Blood Vessels and Circulation

Overview of Blood Flow

  • Pulmonary Circuit:
    • Blood flows from the right ventricle to the pulmonary arteries.
    • Gas exchange occurs in the capillaries of the lungs.
    • Blood returns to the left atrium via the pulmonary veins.
  • Systemic Circuit:
    • Blood flows from the left ventricle to the systemic arteries.
    • Blood reaches the head, neck, and upper limbs via capillaries.
    • Systemic veins carry blood from the trunk and lower limbs back to the right atrium.

Arteries and Veins: Structure

  • Three Layers (Tunics):
    • Tunica Intima (Interna):
      • Innermost layer.
      • Composed of endothelial cells, connective tissue, and elastic fibers.
    • Tunica Media:
      • Middle layer.
      • Contains concentric sheets of smooth muscle.
    • Tunica Externa (Adventitia):
      • Outermost layer.
      • Connective tissue sheath.
      • Anchors the vessel to surrounding tissues.

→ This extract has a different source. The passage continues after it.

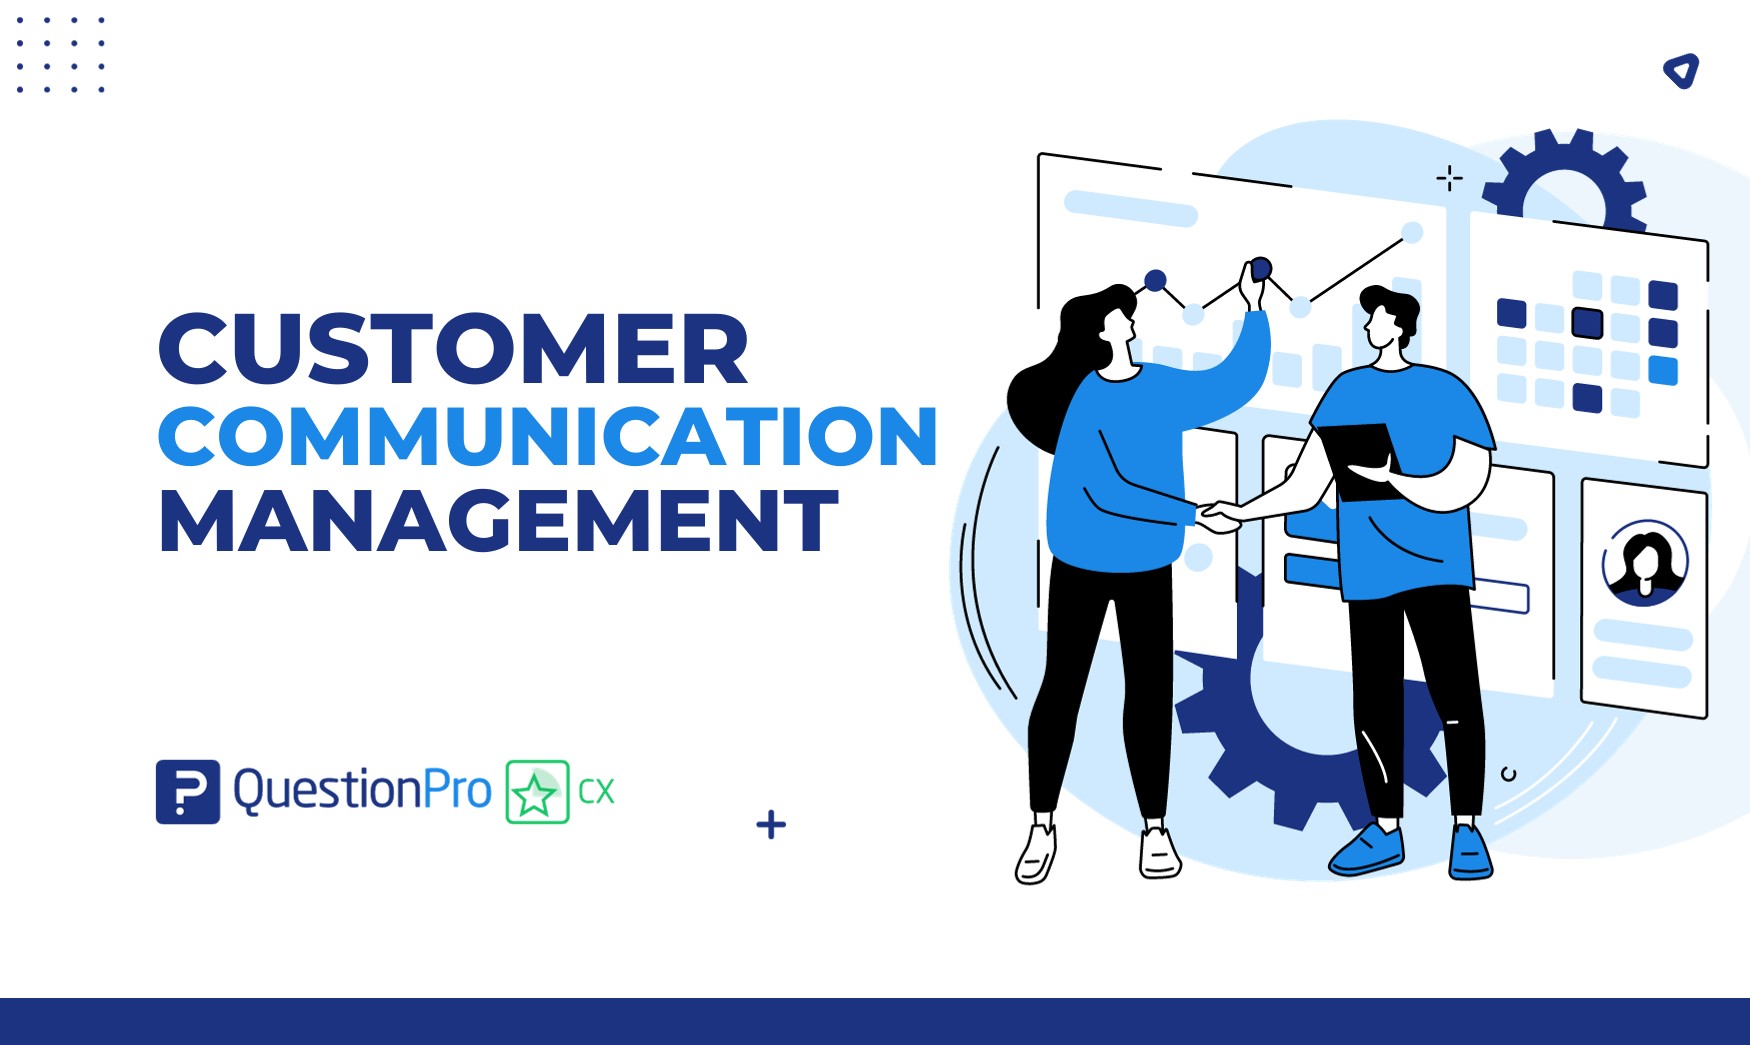 Customer Communication Management improves your interaction with customers. Learn how you can improve your customer communication.

Arteries and Veins: Types of Vessels

  • Five General Classes:
    • Arteries
      • Elastic Arteries
      • Muscular Arteries
    • Arterioles
    • Capillaries
    • Venules
    • Veins
      • Medium-sized Veins
      • Large Veins

Capillaries

  • Consist of a tube of endothelial cells with a delicate basement membrane.
  • Two Major Types:
    • Continuous Capillaries:
      • Have a complete endothelial lining.
      • Endothelial cells are tightly connected but allow for the passage of small molecules.
      • Contain vesicles for transporting materials across the endothelial cells.
    • Fenestrated Capillaries:
      • Contain fenestrations, or pores, that span the endothelial lining.
      • Permit rapid exchange of water and solutes between blood and interstitial fluid.
      • Found in locations where rapid absorption or filtration occurs (e.g., kidneys, small intestine).
    • Sinusoids:
      • Resemble fenestrated capillaries but have larger gaps between adjacent cells.

Capillary Beds

  • Interconnected networks of capillaries.
  • Supplied by more than one artery via collaterals (arterial anastomosis).
  • Arteriovenous anastomosis directly connects arteriole to venule, bypassing the capillary bed.
  • Thoroughfare Channel:
    • Metarterioles.
  • Precapillary Sphincters:
    • Control blood flow into capillaries.
  • Vasomotion:
    • Cyclic contraction and relaxation of precapillary sphincters.

Venous Functional Anatomy

  • Blood pressure in peripheral venules is less than 10% of that in the ascending aorta.
  • Mechanisms to Maintain Blood Flow Against Gravity:
    • Valves:
      • Prevent backflow of blood.
    • Contraction of Skeletal Muscles:
      • Compresses veins, aiding in blood flow.
  • Blood Distribution:
    • Systemic venous system: 64%
    • Systemic capillaries: 7%
    • Systemic arterial system: 13%
    • Heart: 7%
    • Pulmonary circuit: 9%

Venoconstriction

  • Contraction of smooth muscle fibers in veins.
  • Maintains blood volume in the arterial system during blood loss.
  • Controlled by the vasomotor center in the medulla oblongata.
  • Sympathetic nerves stimulate smooth muscles in medium-sized veins.

Cardiovascular Regulation

  • Adjustments to both:
    • Cardiac Output:
      • Must generate enough pressure to force blood through peripheral capillaries.
    • Blood Distribution within systemic and pulmonary circuits.
  • Regulation Mechanisms:
    • Neural
    • Hormonal

Neural and Hormonal Regulation

  • Coordinated adjustments to:
    • Heart rate and stroke volume.
    • Peripheral resistance.
    • Venous pressure.

Pressure and Resistance

  • Blood pressure is higher in arteries than in veins.
  • Flow through blood vessels is influenced by resistance.
  • Peripheral Resistance:
    • Resistance of the arterial system.
    • Increases as vessels get smaller.

Blood Flow in Capillaries

  • Very slow flow and low pressure.
  • Allows time for capillary exchange (diffusion).

Blood Pressure in Veins

  • Maintained by:
    • Valves.
    • Muscular compression of peripheral veins.
  • Vessels get larger, and resistance decreases as blood moves toward the heart.
  • Venous Return:
    • Amount of blood arriving at the right atrium each minute.
    • Equal to the cardiac output on average.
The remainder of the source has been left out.